SMS Gateways, Spam and the Law – Part 2

In the previous post, I mentioned that the waters are murky regarding what is allowed and not allowed in sending mass SMS. On the surface it seems simple – if the information in the ITU’s ICT regulation toolkit document is anything to go by, then it follows that the opt-in approach is adopted by the EU directive, Australia and others while the opt-out approach is allowed in the US, Japan and South Korea.

However, judging by class actions against companies that used opt-out SMS marketing in the US, it seems the courts in the US don’t buy the ITU’s assessment of what is considered legal use… reading tatangos’ blog, in this article CEO Derek Johnson not only recommends an opt-in, but a double opt-in, which means the user not only has to send a request to receive the messages, but has to reply to a text in order to confirm this wish…

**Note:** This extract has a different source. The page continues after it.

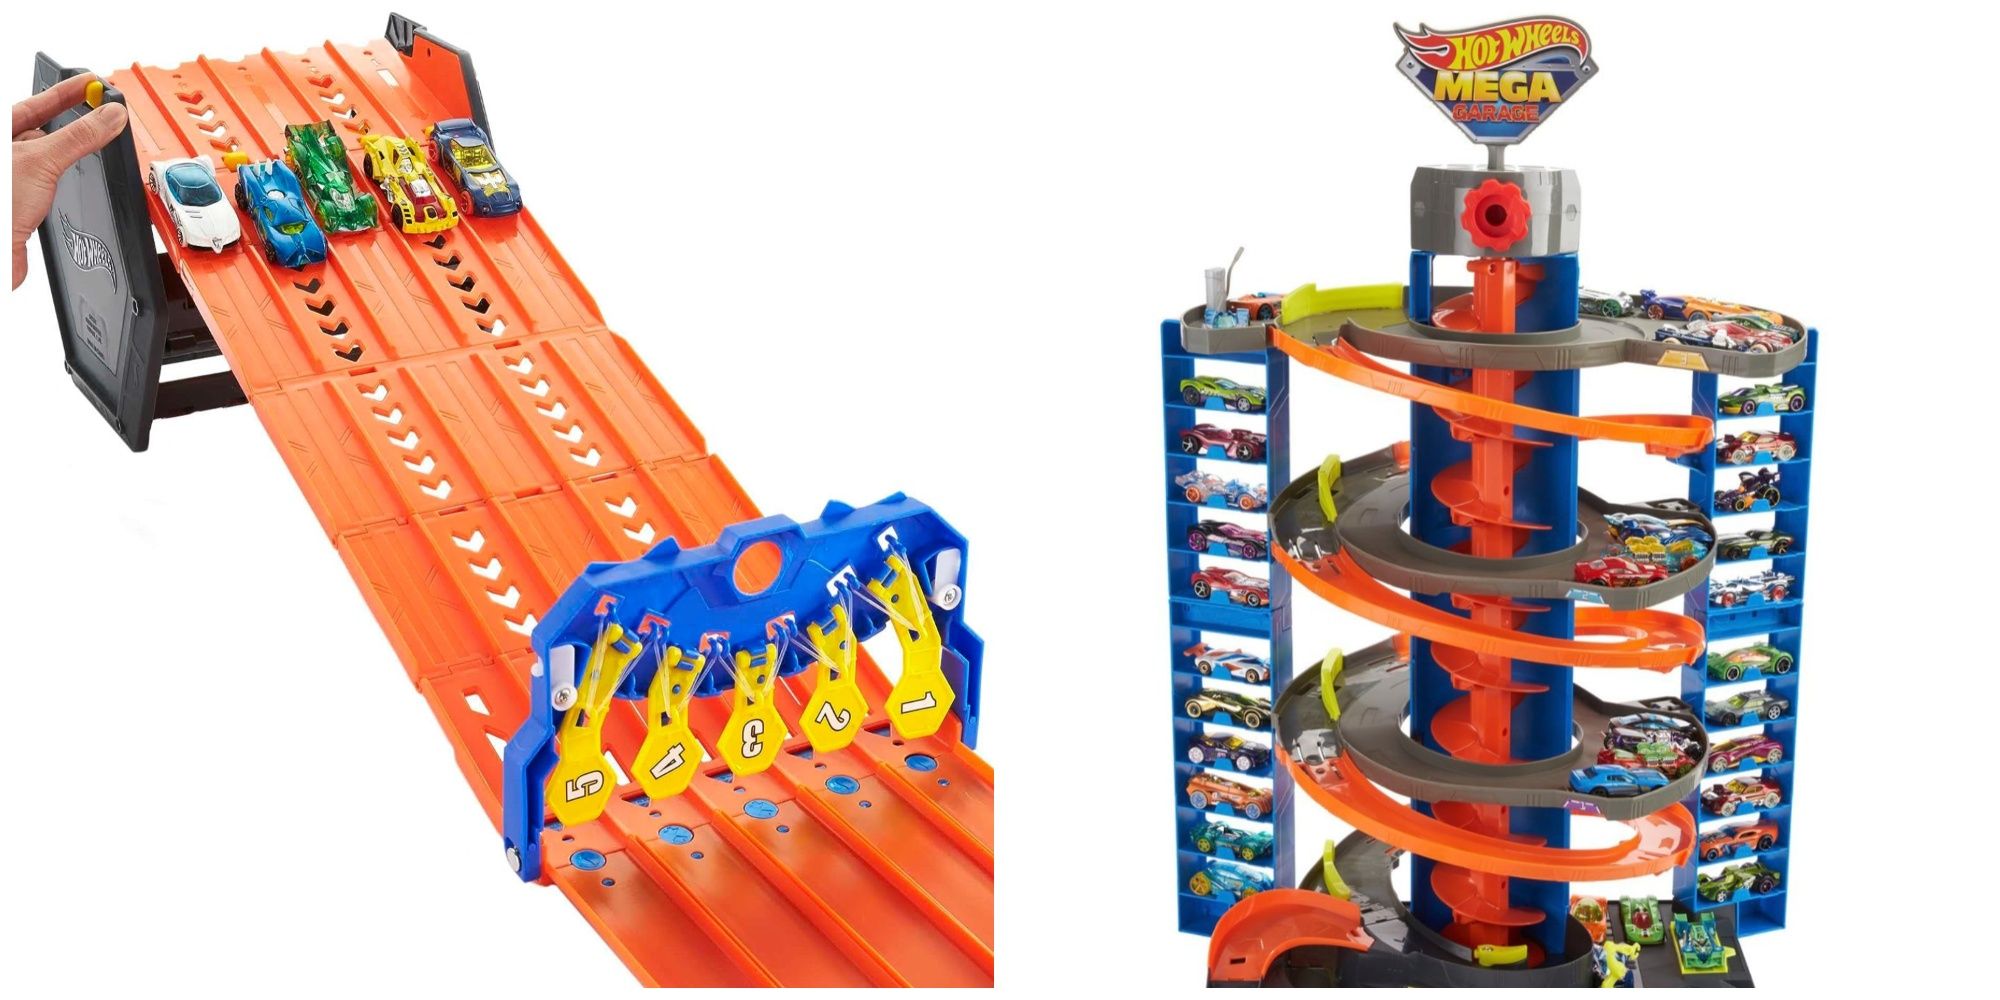 Two official Hot Wheels tracks in a split dual-image. On the left, five cars race down an orange track. On the right, roughly two dozen cars sit in a vertical garage.

The fact that opt-out doesn’t cover you in the US is evident in this post on the same blog, where NASCAR HOLDINGS sent an opt-out SMS campaign and is in the process of a class action lawsuit from someone. The plaintiff is actually seeking damages for two violations – one for receiving the first SMS and another for receiving the confirmation SMS after requesting not to receive further SMS communications from them…

The way I see it, you should get your recipients permission before sending them SMS commercials – not only because it keeps you on legally safe ground but for the same reason you don’t (I hope) throw garbage out your car window. In the long run, it makes the world you live in a bit less fun to be in, and the fact that this won’t convince the¬†cynical, doesn’t make it any less true.